= Exercise =
Omit the pictures. Transcribe exactly the lines below, from the one with "Dänemarks Ministerpräsidentin Mette" up to and including the last.

= Dataset extract =

──────────

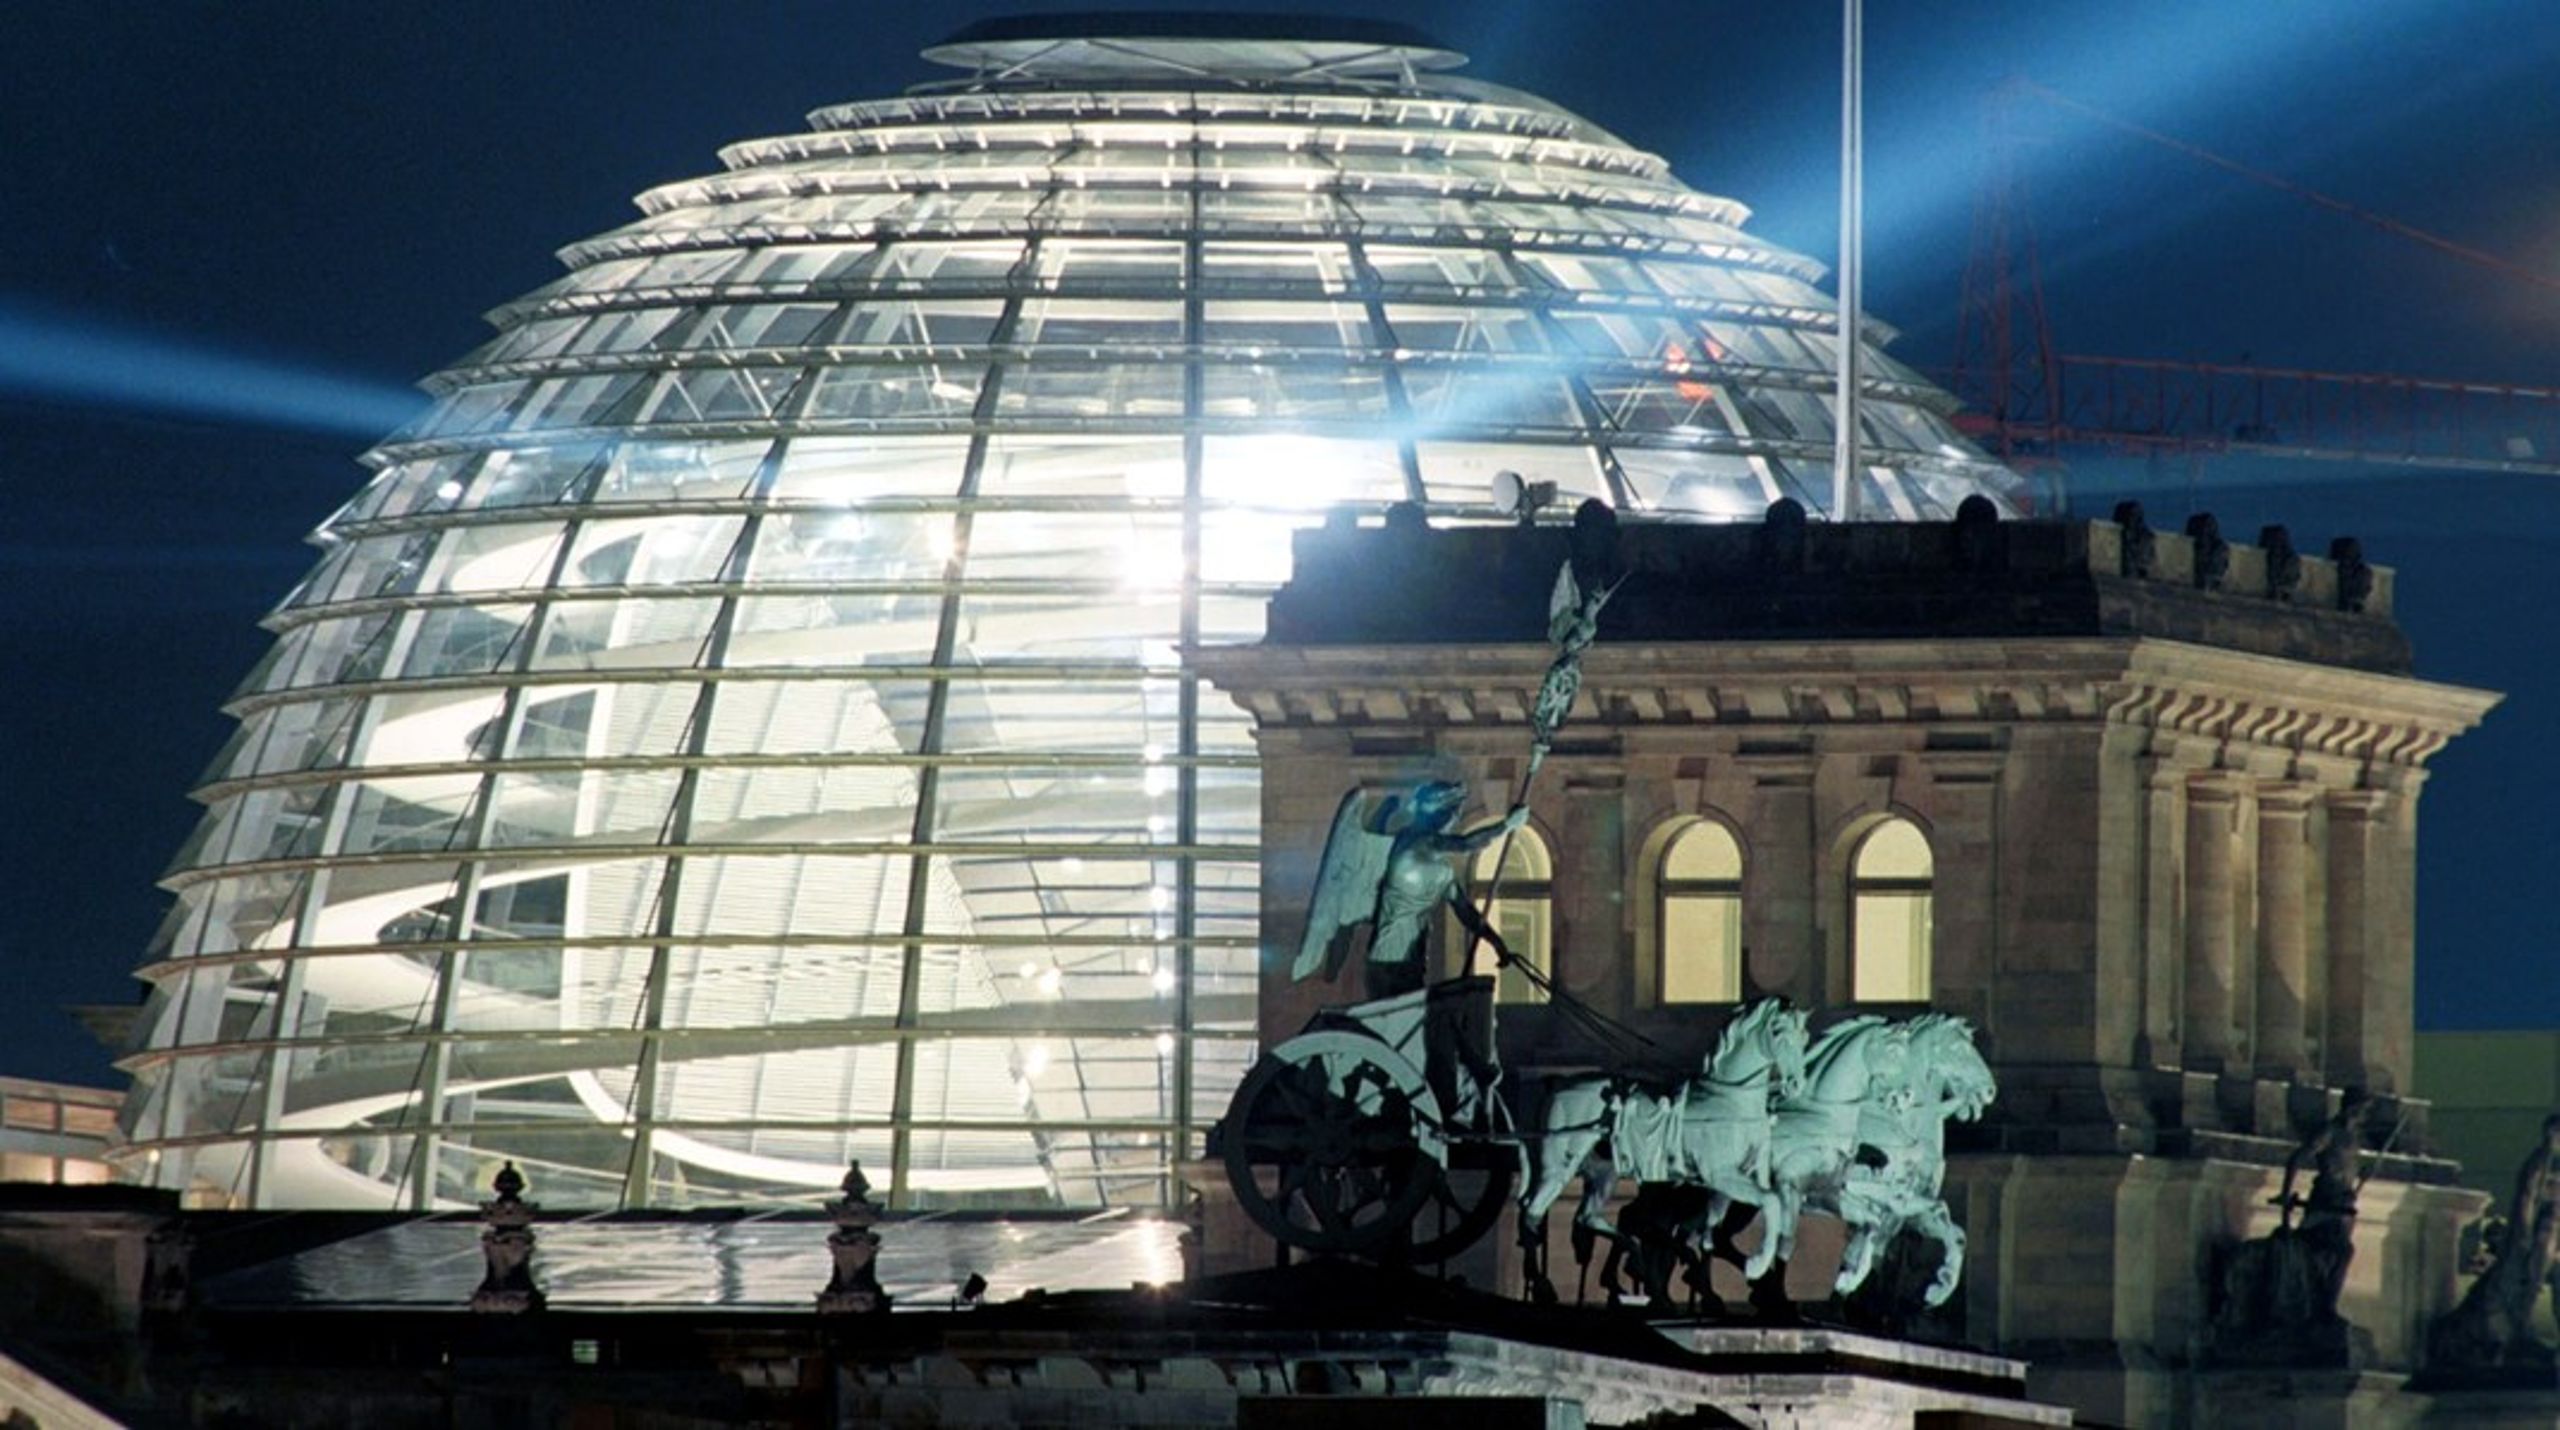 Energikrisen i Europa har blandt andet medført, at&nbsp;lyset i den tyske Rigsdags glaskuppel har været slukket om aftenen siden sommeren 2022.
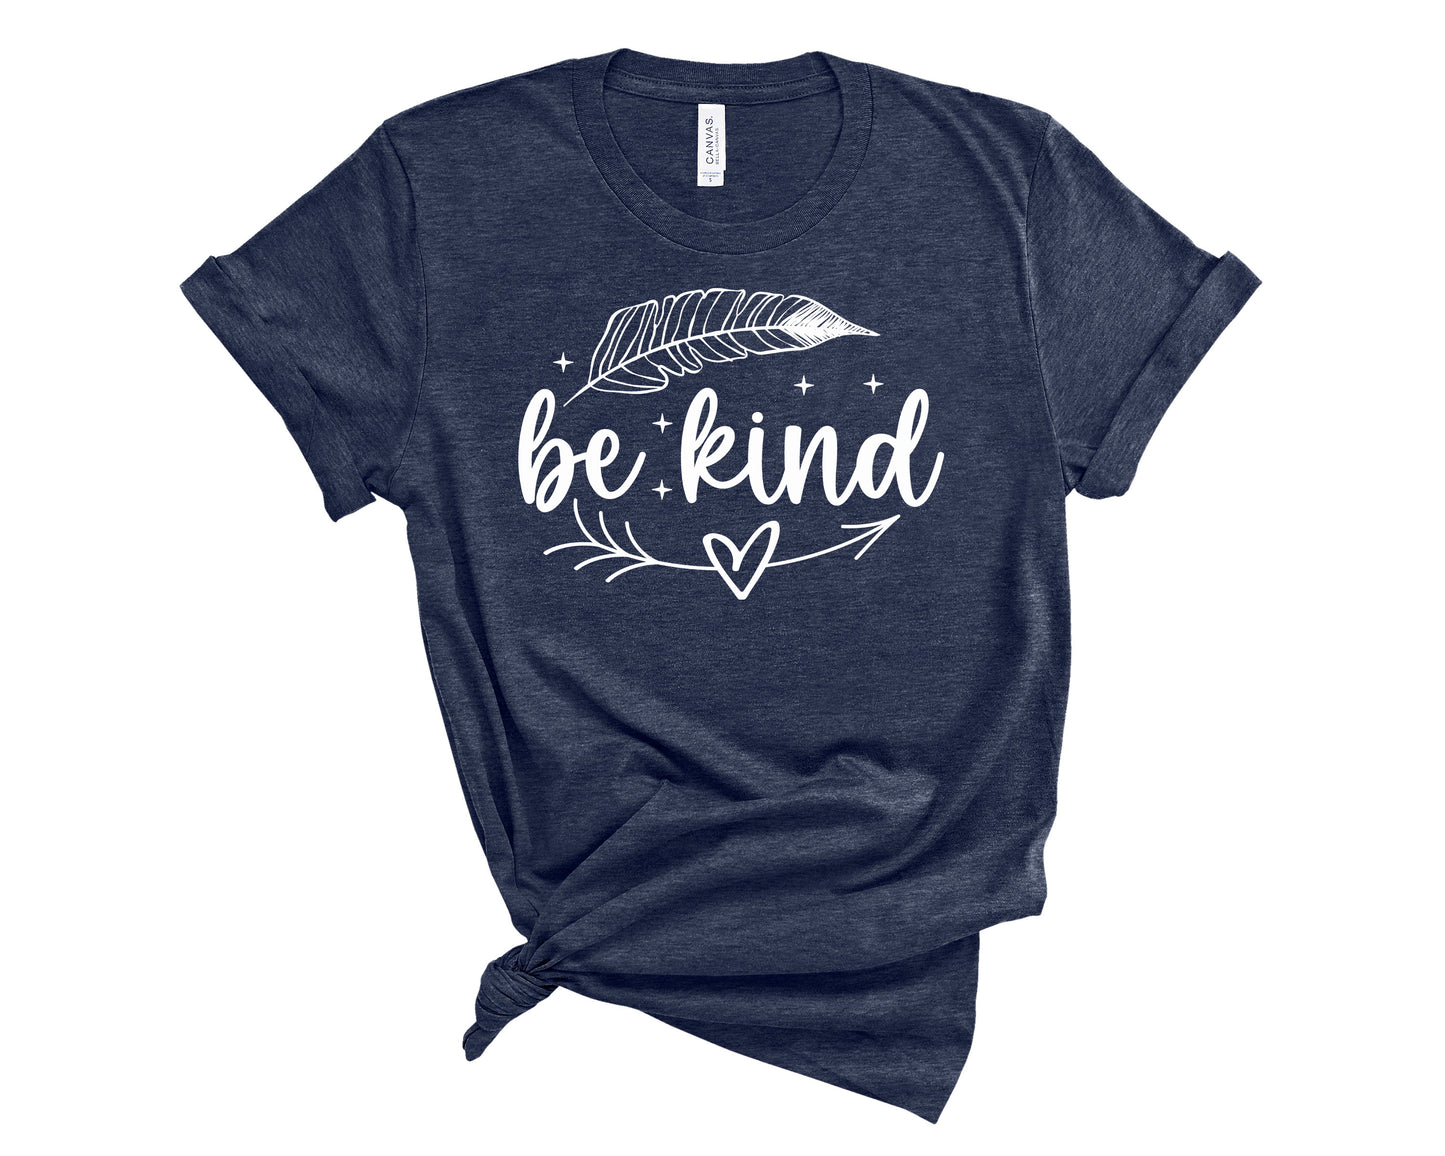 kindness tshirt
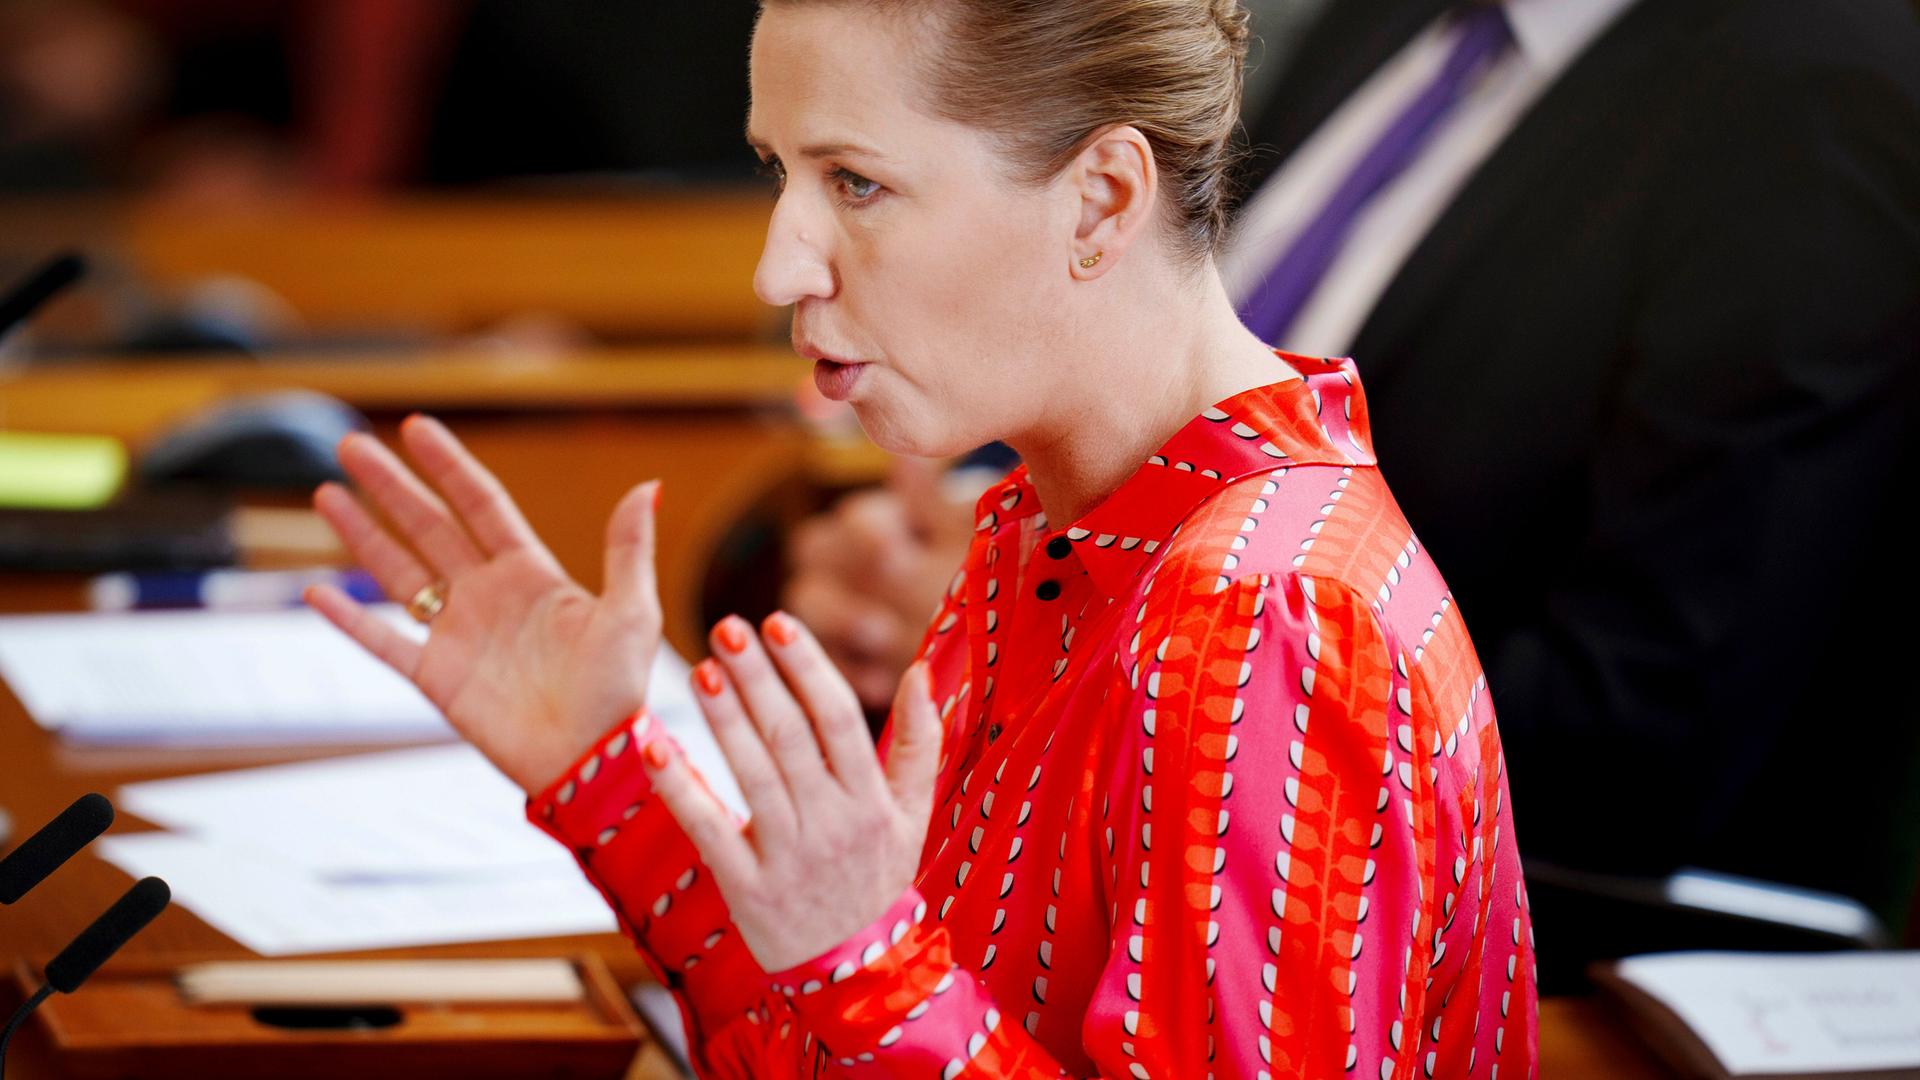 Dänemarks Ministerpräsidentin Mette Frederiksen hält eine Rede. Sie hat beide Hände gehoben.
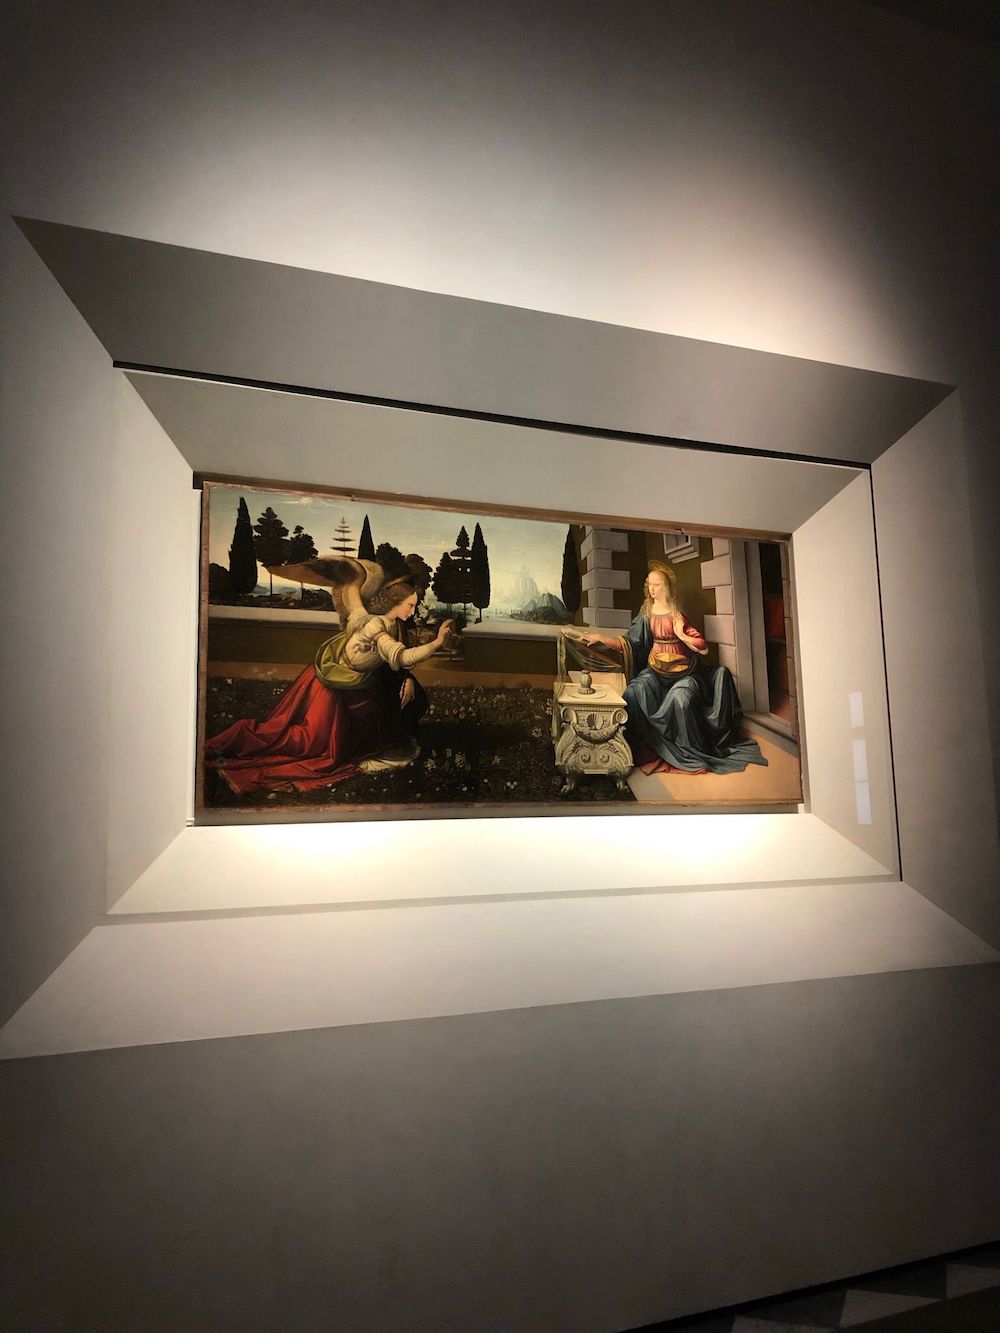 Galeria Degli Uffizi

──────────

= Expected answer =
 Dänemarks Ministerpräsidentin Mette Frederiksen hält eine Rede. Sie hat beide Hände gehoben.
 Galeria Degli Uffizi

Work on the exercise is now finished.